Provincial autonomy was established in India with the coming in force of the Government of India Act 1935, which introduced responsibility at the provincial level and aimed at the union of British Indian provinces with the rulers of states in a federation. A federal system, in its actual operation, depends largely upon a just and competent administration of the law as between governments themselves, as between government and the people and as between individual persons. For this purpose, the 1935 Act provided for the establishment of the Federal Court, the forerunner of the Supreme Court of India.

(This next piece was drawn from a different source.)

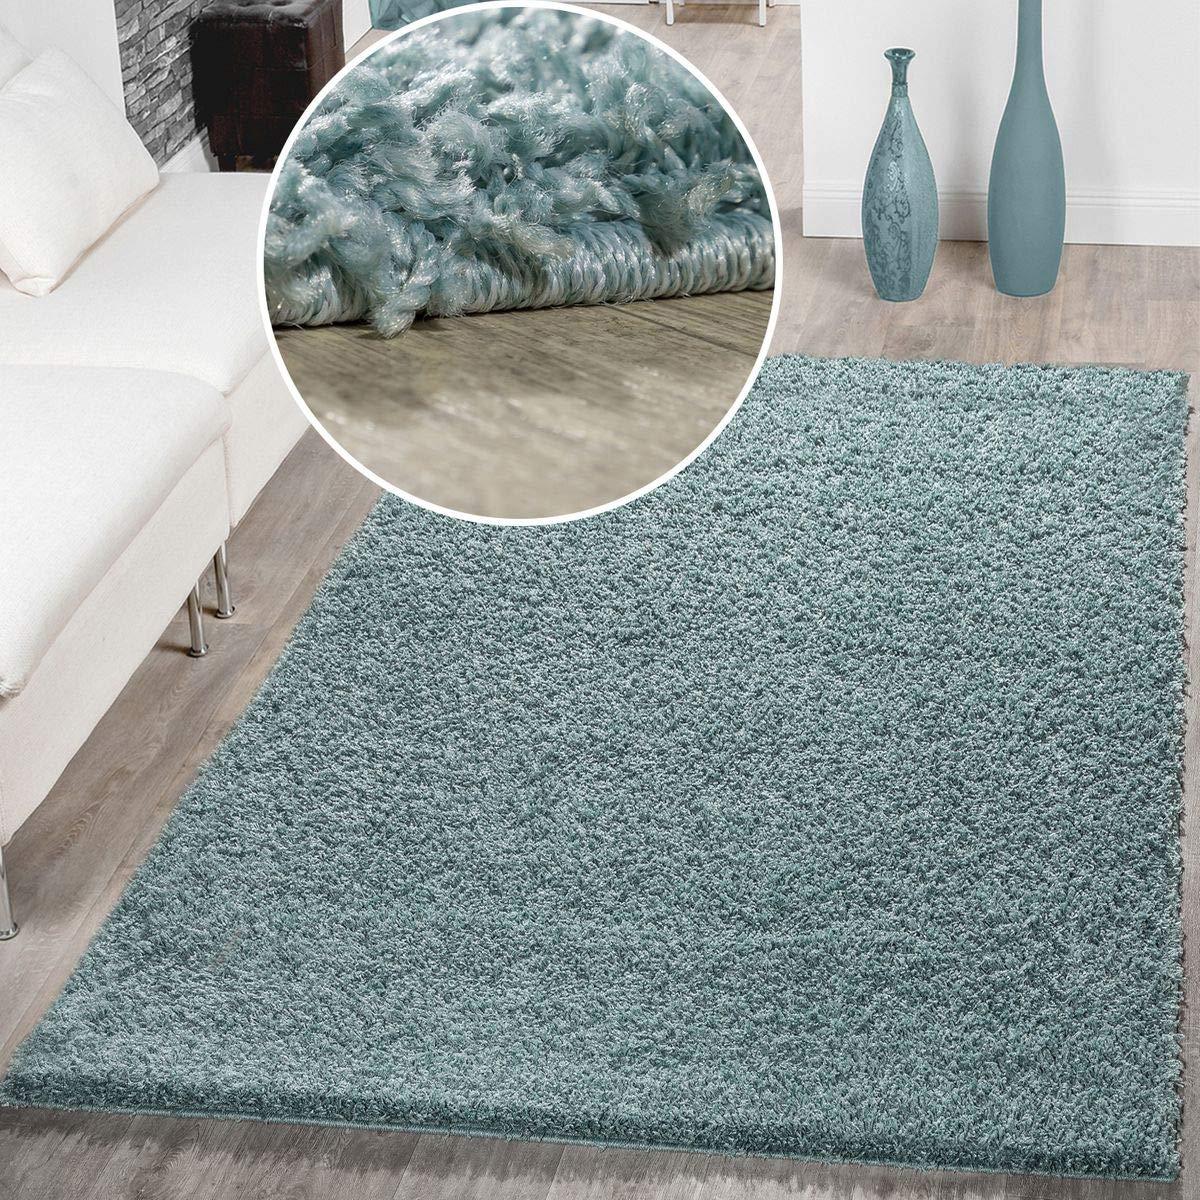 T&T Design Moderner Hochflor Teppich Shaggy Einfarbig Dicht Dicht Dicht Gewebt Qualität Pastell Türkis, Größe 200x280 cm B01MUE04PZ Teppiche 951f9b

This was the second highest court in the judicial hierarchy in India.
The jurisdiction of the court was wide and included:
(i) any matter involving the interpretation of Constitutional provisions or the determination of any right or obligations arising there under where the parties to the dispute are
a) Federation and either a province or a state or
b) Two provinces or two states or a province and a state;
(ii) any matter involving the interpretation of, or arising under, any agreement entered into after the commencement of the Constitution Act between the Federation and a federal unit or between federal units unless the government provides otherwise. (Section 204 of the Government Act 1935).
Exclusive appellate jurisdiction from any decision given by the High Court or any state court, so far as it involved the consideration of a substantial question of law relating to the interpretation of the Constitution Act or any right or obligation arising thereunder, was conferred upon it, but such appeal could lie to the Federal Court only with the leave of the High Court, that is, on a certificate under Section 205 of 1935 Act. However, the appellate jurisdiction of the Privy Council remained intact (Section 208 of the Government of India Act, 1935).

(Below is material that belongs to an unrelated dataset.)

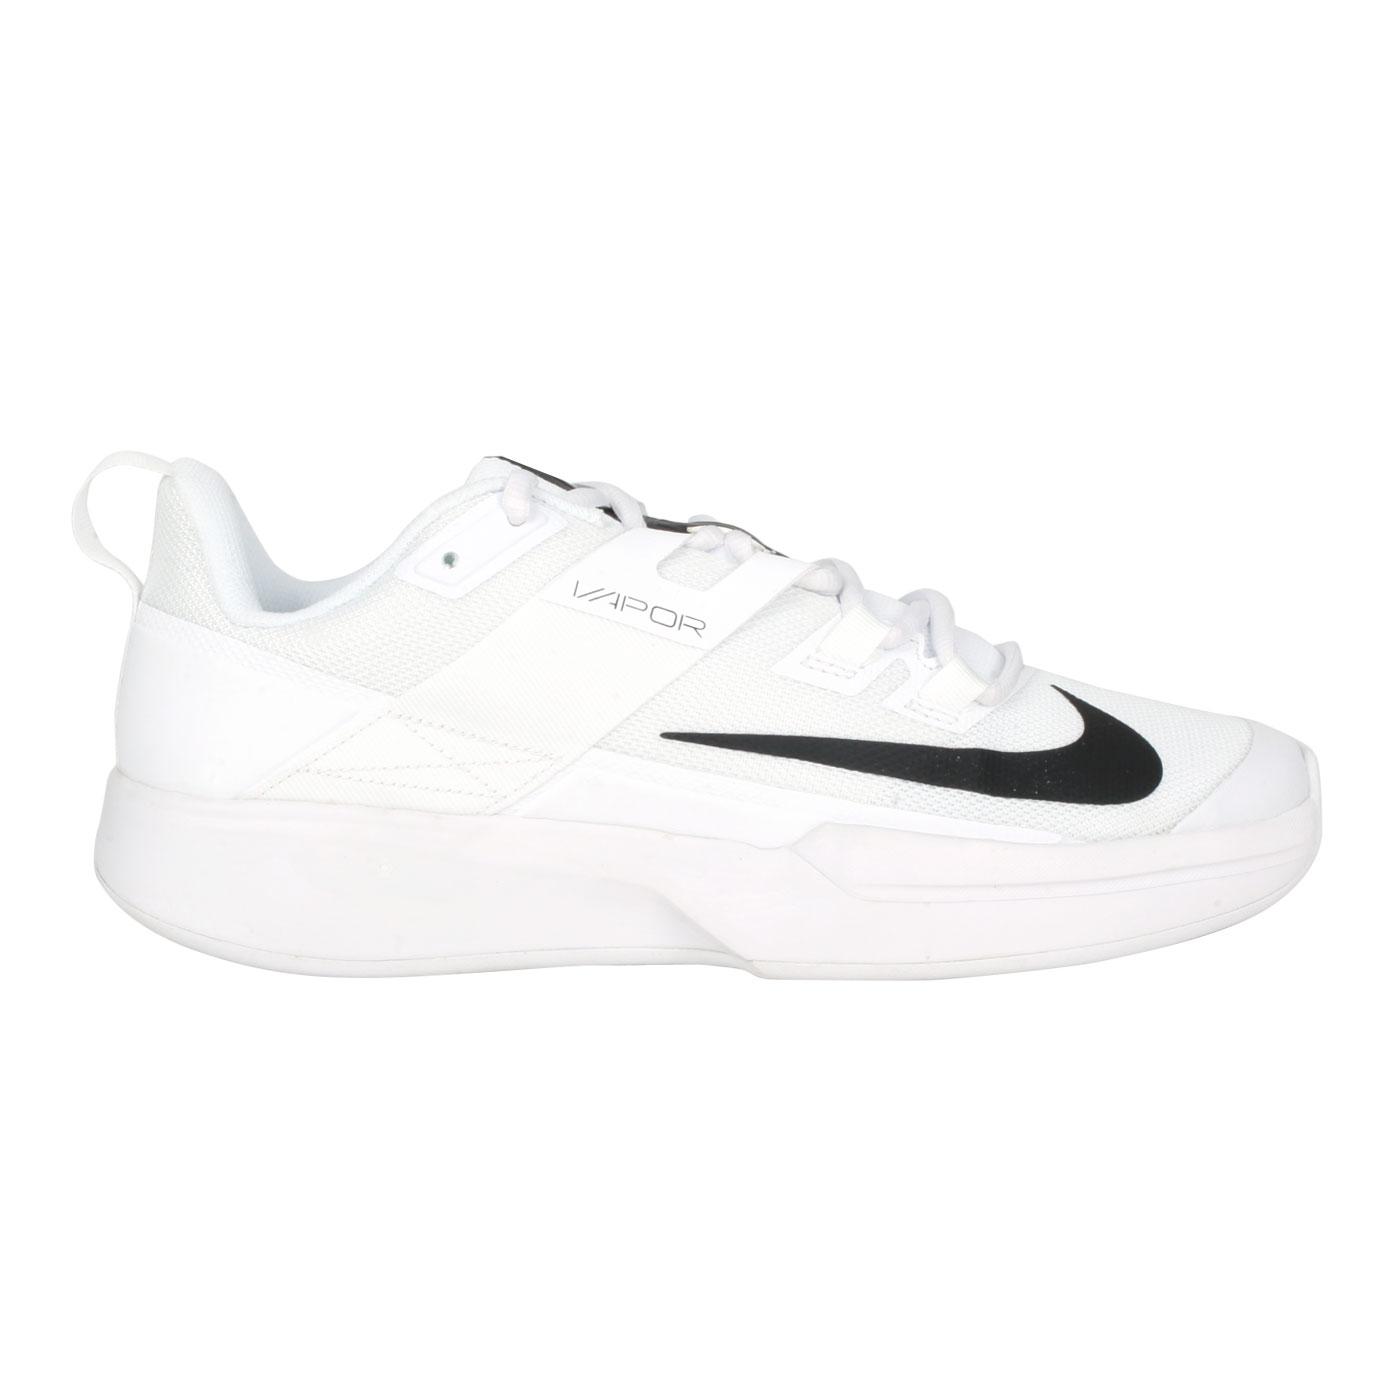 NIKE 男款網球鞋  @M VAPOR LITE HC@DC3432-125 - 白黑

Similar to that possessed by the Privy Council under Section 4 of the Judicial Committee Act 1833, this court was also conferred the jurisdiction of giving advisory opinion on such questions of law of public importance as may be referred to the court by the Governor General at his discretion. There was also a provision for an appeal to the Federal Court from a decision of any High Court in a Federal state on a question of law relating to the interpretation of the Government of India Act or ordinary constitutional law.

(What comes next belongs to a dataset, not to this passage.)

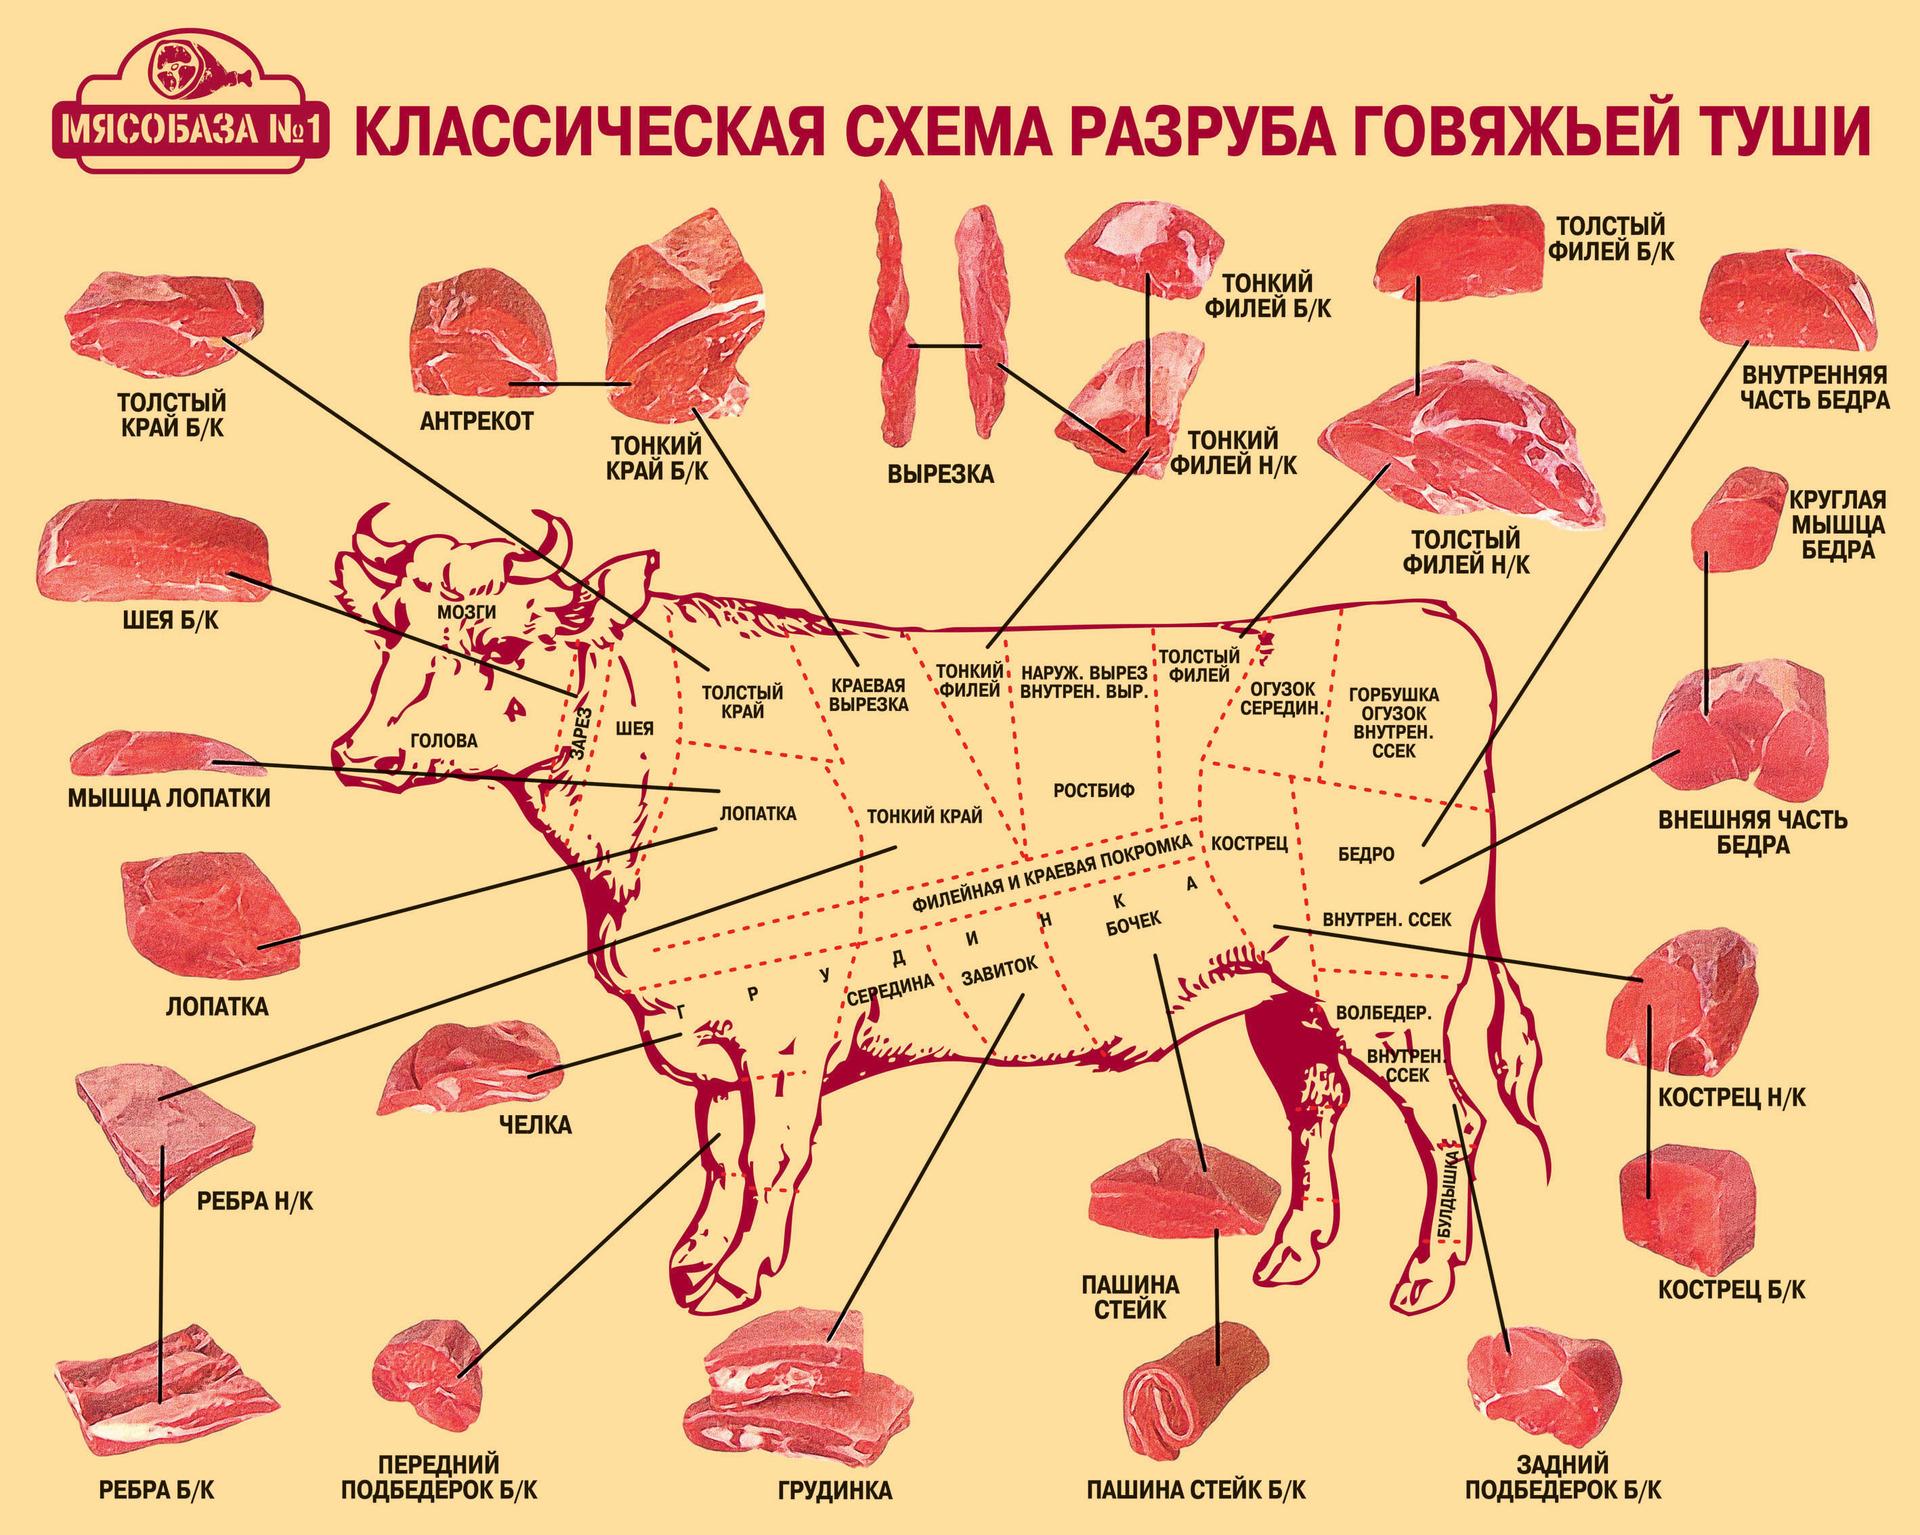 Схема разделки туши говядины фото

After August 1947, when it was felt that the political aspirations of India had been fulfilled, the question of endowing the Federal Court with full powers and jurisdiction as the highest court came into the forefront. Accordingly from 1st April 1948, as a preliminary steps towards this, its appellate jurisdiction was enlarged by conferring upon it the power to hear appeals from any judgment, decree or final order of a High Court in a civil case from which direct appeal could have been brought to His Majesty in Council, that is, the Privy Council either with or without special leave. In September 1949, the Constituent Assembly, by Act 5 of 1949, completely abolished the appellate jurisdiction of His Majesty in Council to entertain and hear appeals and petitions from or in respect of any judgement, decree or final order of any court or tribunal within the territory of India including the appeals and petitions in respect of criminal matters, and such jurisdiction was now conferred on the Federal Court which became the final court for all purposes in India. This effectively rang the death knell for the old concept of the king as final judge in all matters.